Then, in the sixth step, a new addictive function Θ_m(χ) is updated by in the eq (8). Finally, we obtain a classification function Θ_M(χ) and a useful GTB model $\tilde{Θ} (χ)$ as follows:

\begin{matrix} \tilde{Θ} (χ) = Θ_{M} (χ) \end{matrix}

(18)

We use a grid search strategy to select the optimal parameters of GTB with 5-fold cross-validation on the benchmark dataset. The optimized number of trees of the GTB is 2000. And the selected depth of the trees is 3. The rest use the default parameters.

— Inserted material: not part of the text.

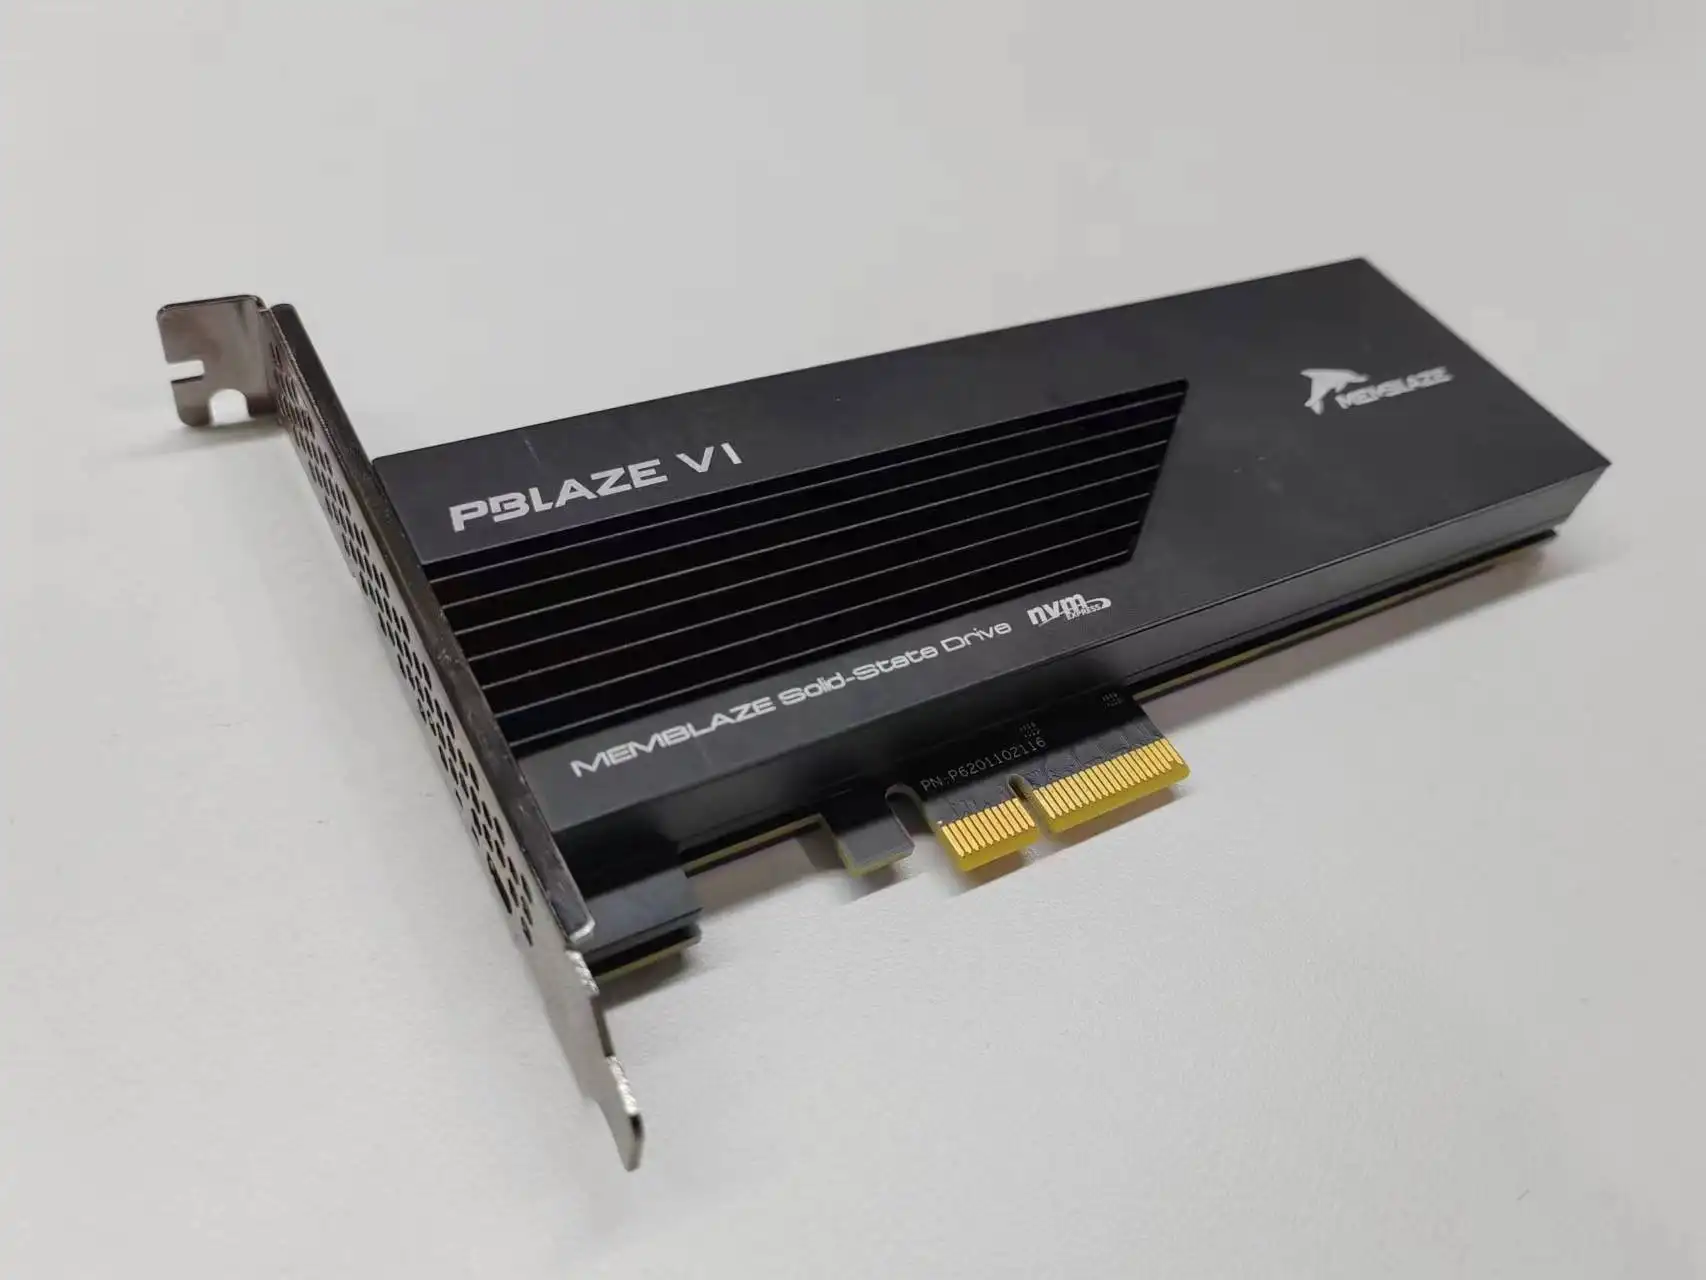 PBlaze6 6530 SATA SSD 3D Nand NVMe1.4 daha iyi performans PCIe 4.0 AIC 1.92T 2T SSD

The source code and data are available at http://www.leideng.org/PredSAV/.

Results and discussion

Benefits of the two-step feature selection

The selection of informative attributes is critically important for building effective and accurate classification models. In total 1521 sequence, Euclidean and Voronoi neighborhood features are initially generated. We apply a two-step feature selection method, consisting of stability selection and sequential forward selection. Stability selection is used as the first attribute selection step for two reasons. First, stability selection can address the difficult variable selection problem with markedly improved error control and structure estimation, especially for high-dimensional problems. Second, stability selection depends little on the chosen initial regularisation and can reduce the risk of overfitting [66]. To assess the utility of the stability selection method, we evaluate the performance by incorporating the GTB classifier with selected attributes that correspond to different cutoffs of stability selection scores. As shown in Table 1, when the number of selected features decreases from 1521 to 152 (the cutoff increases from 0 to 0.2), the highest accuracy of 81.3% is yielded. The other measurements (SEN, SEP, PRE, MCC and AUC) are observed as 0.810, 0.817, 0.823, 0.628 and 0.896, respectively. We select the top 152 features (stability score > 0.2) as the input of the next sequential forward selection step. A set of 44 optimal features is finally selected with the highest AUC score of 0.908. The results of selected features show ∼2% and ∼5% increase in AUC and MCC over the initial features, respectively.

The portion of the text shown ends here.